Doctor of Medicine (M.D.)

The Doctor of Medicine (M.D.) degree at the UNLV School of Medicine prepares a diverse student body for the delivery of patient-centered care and meaningful careers in clinical practice, research, and community service. The program integrates foundational science and primary care clinical experiences with community-based service learning that addresses population health and social disparities, incorporates independent research projects that contribute to the growth of scientific knowledge and community health resources, and develops strong commitments to public service and lifelong learning. The curriculum includes instruction in biomedical ethics, ethical decision-making, patient safety, population health, interprofessional skills, and professionalism, as well as addresses non-traditional medical needs, such as aspects of hospitality, cultural competence, bias recognition and reduction, legal, and cultural facets of medicine.

For information regarding accreditation at UNLV, please head over to Academic Program Accreditations.


Learning Objectives

Sciences Knowledge Base

  • Apply the principles of anatomy, behavioral science, biochemistry, biostatistics, cell biology, epidemiology, genetics, immunology, microbiology, pathology, pharmacology, and physiology to determine the etiology, pathophysiology, diagnosis, treatment, and prevention of significant human disorders.
  • Identify and propose a treatment plan for acute and chronic diseases.


  • Demonstrate personal accountability, altruism, humanism, self-awareness, and humility in the care of patients, self, and others.

Clinical Skills

  • Communicate effectively with patients, families, and other health care professionals, including in situations involving communication barriers.
  • Conduct and document complete and focused medical histories and physical examinations and recognize confounding factors including age, gender, sociocultural factors, socioeconomic status, family history, and emotional status.
  • Correctly perform basic procedural skills with attention to patient comfort and safety.

Patient as a Person

  • Integrate epidemiological, socioeconomic, behavioral, sociocultural, and community factors into patient care.
  • Apply knowledge of wellness, nutrition, hospitality principles, pain management, and integrative medicine to patient care.
  • Anticipate ethical issues encountered in clinical care and research, explain ethically justifiable options and consequences from multiple perspectives, and manage ethical challenges in medical practice and research.
  • Provide appropriate patient-centered counseling techniques to improve outcomes and patient satisfaction, and to promote optimal use of health care resources.
  • Identify end-of-life care issues, including palliative care, from the perspectives of patient, family, and health care providers.

Critical Judgement and Scholarship

  • Demonstrate advanced clinical reasoning to develop and narrow differential diagnoses by merging clinical information with knowledge of the mechanisms of disease.
  • Formulate clinical questions and apply evidence-based medicine to provide quality health care to individuals and populations.
  • Practice scholarship based on scientific research methods.

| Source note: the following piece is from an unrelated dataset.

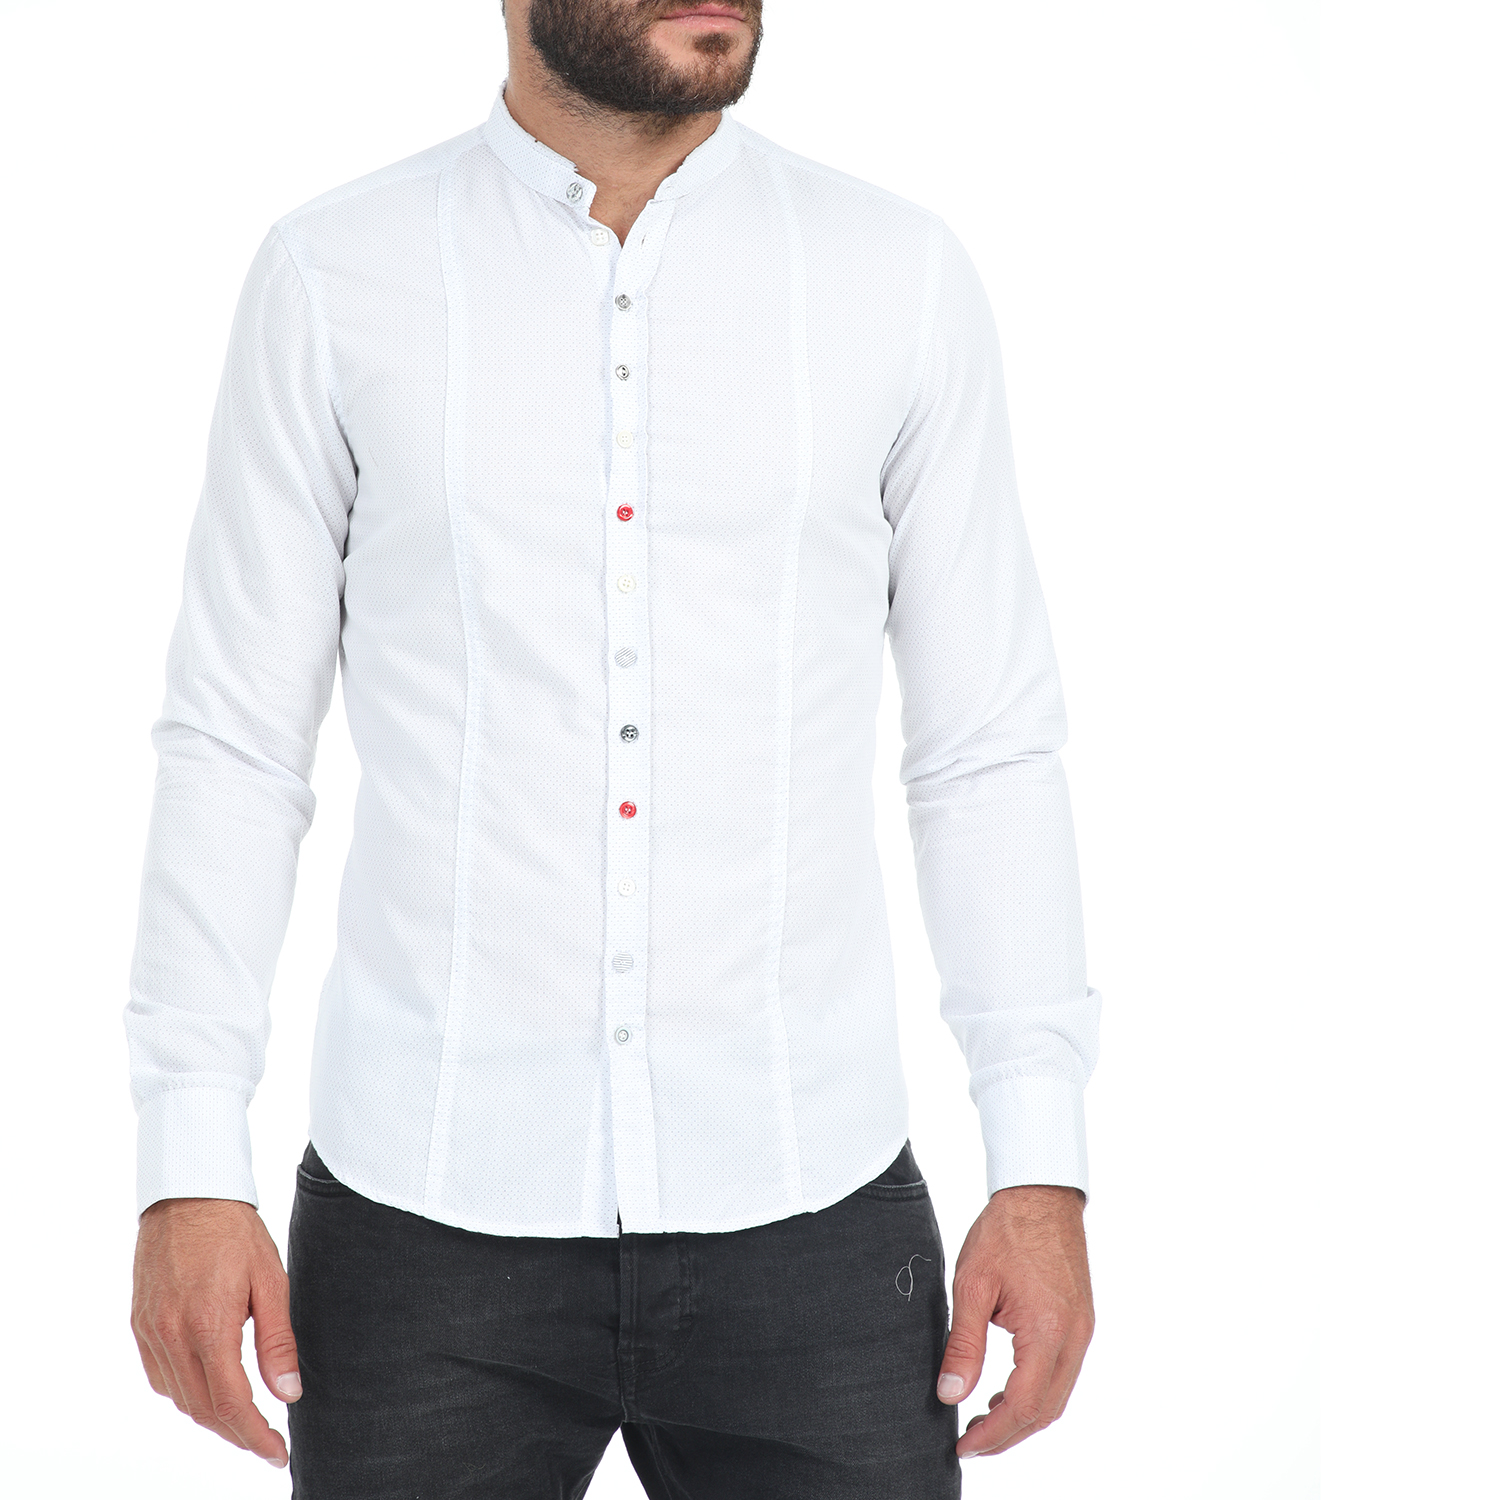 Ανδρικά/Ρούχα/Πουκάμισα/Μακρυμάνικα IMPERIAL - Ανδρικό πουκάμισο IMPERIAL λευκό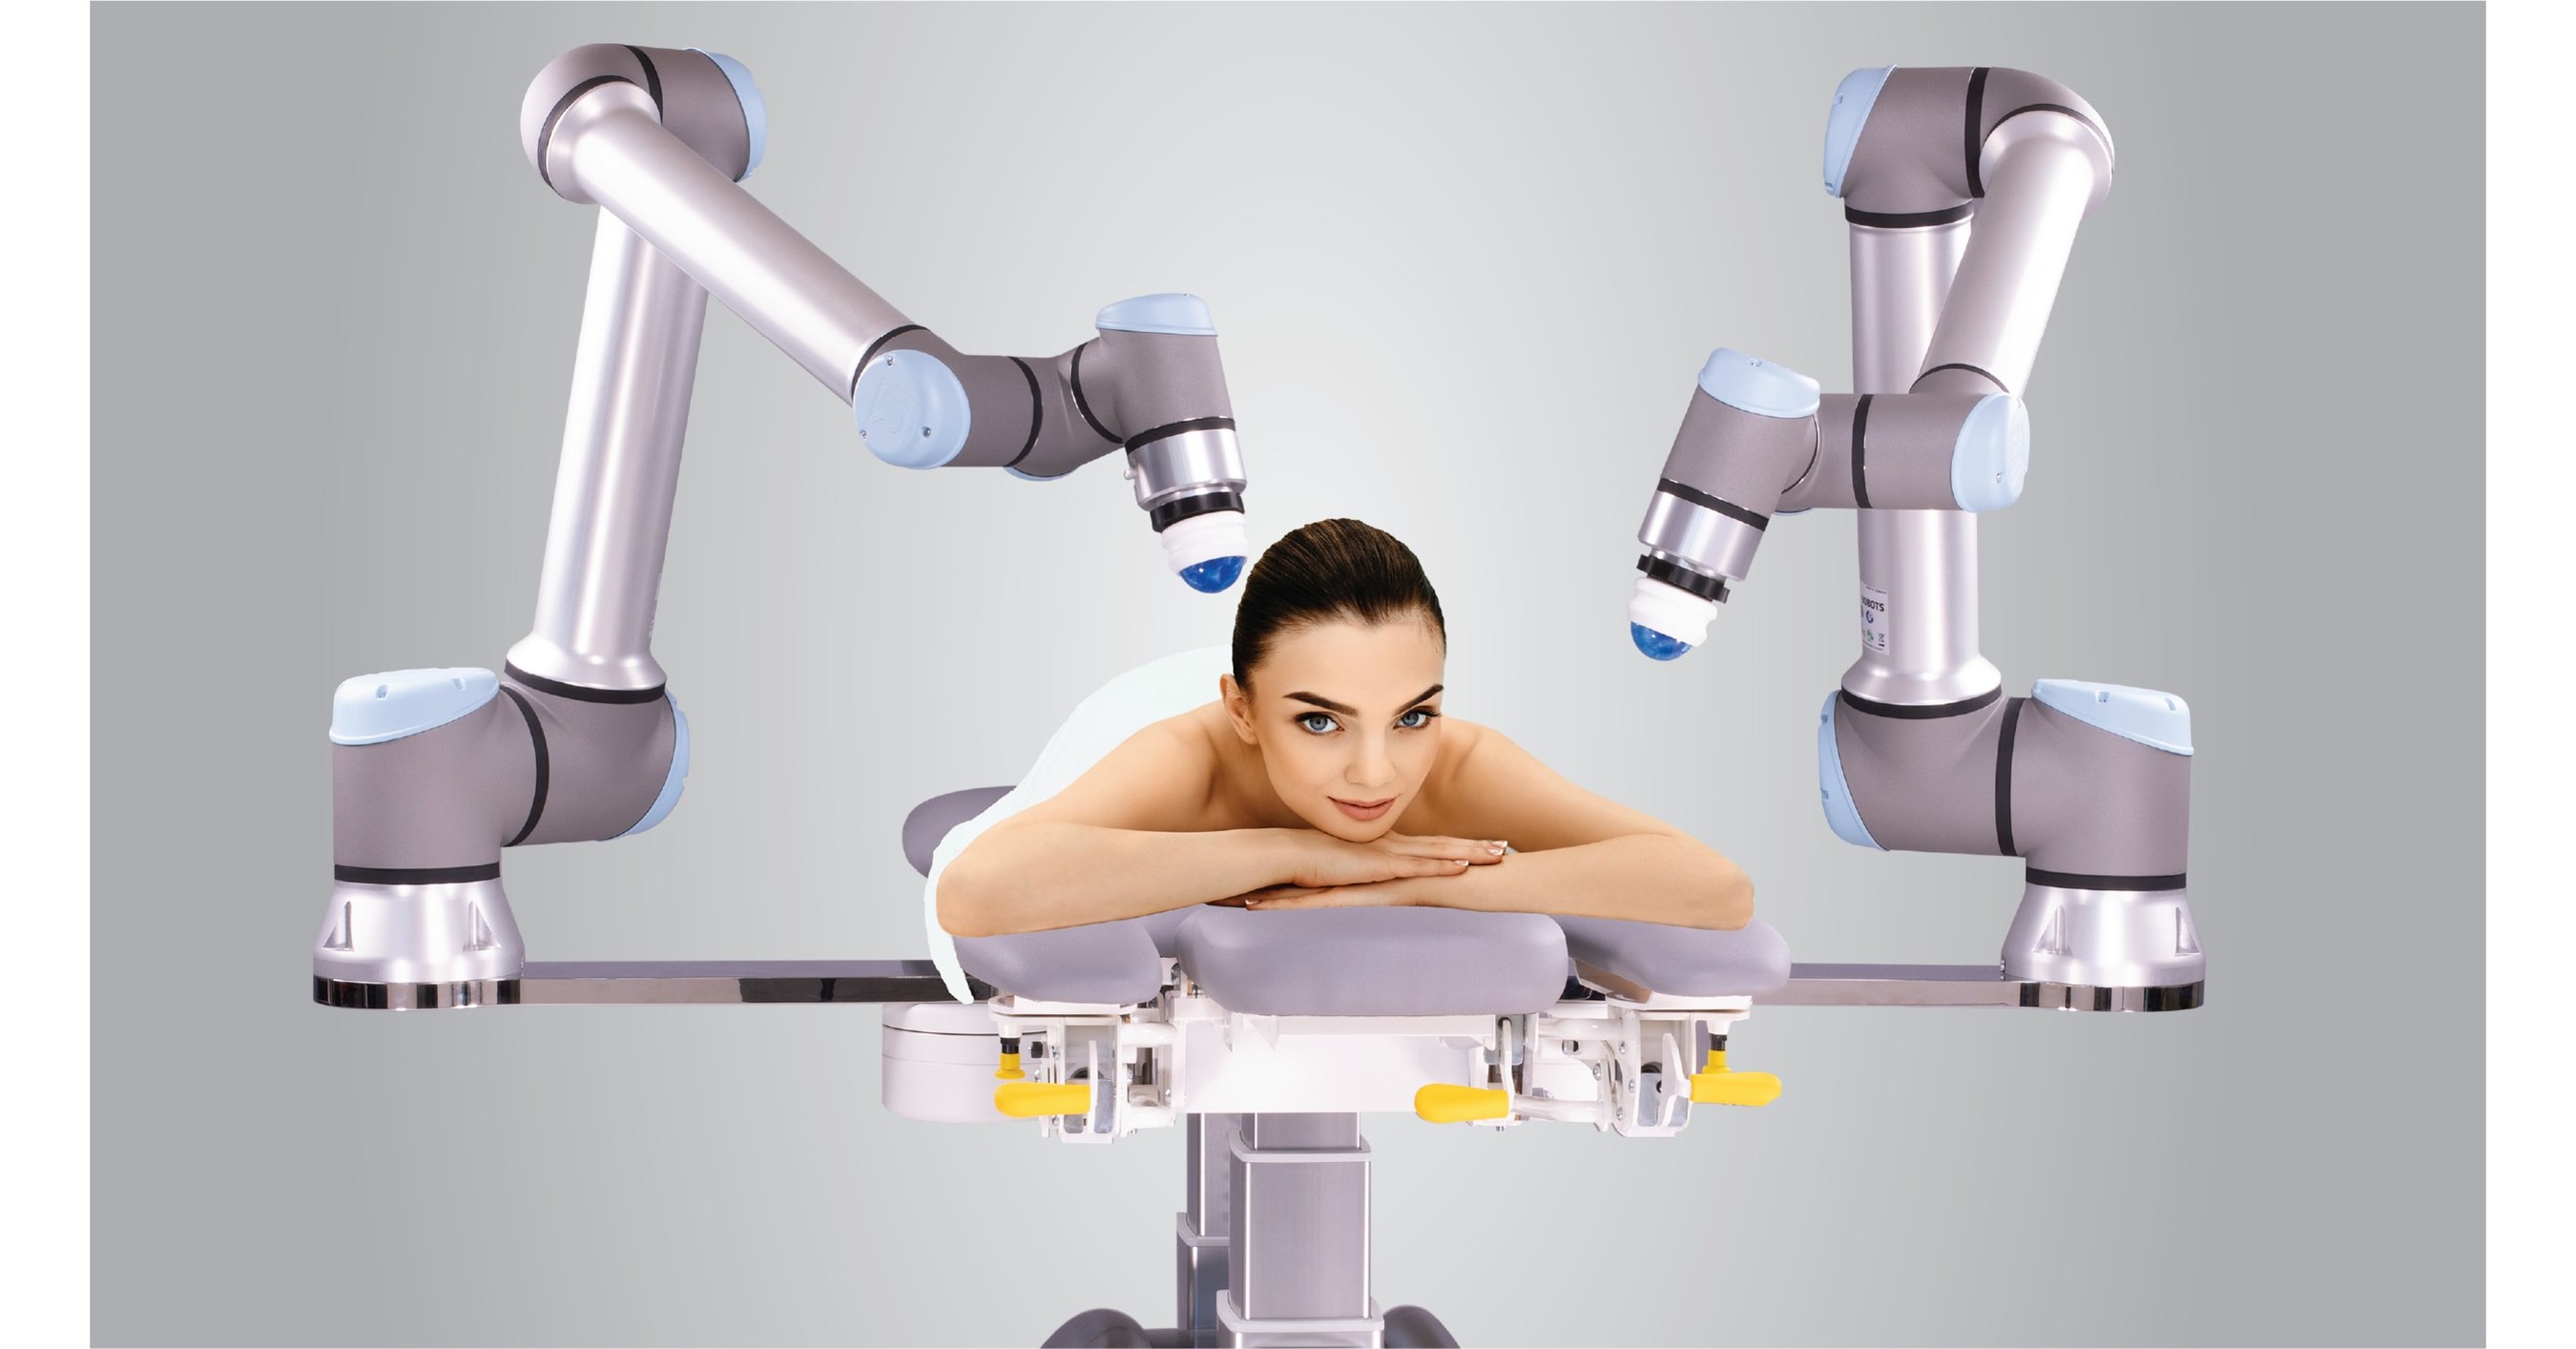 Робот массажист. Робот массажист машинка. Продукция роботы Сиасан. Робот массажист для спины китайский в виде человека.

The Medical Practice and its Role in the Community

  • Identify the personal skills and systems-level processes that support continuous quality improvement, including patient safety.
  • Advocate for the improvement of public health outcomes through community engagement and the analysis of social determinants of health and disease.

Health care Systems

  • Discuss the core financial, legal, structural, policy, and regulatory aspects of the United States health care system and their impact on the delivery of health care.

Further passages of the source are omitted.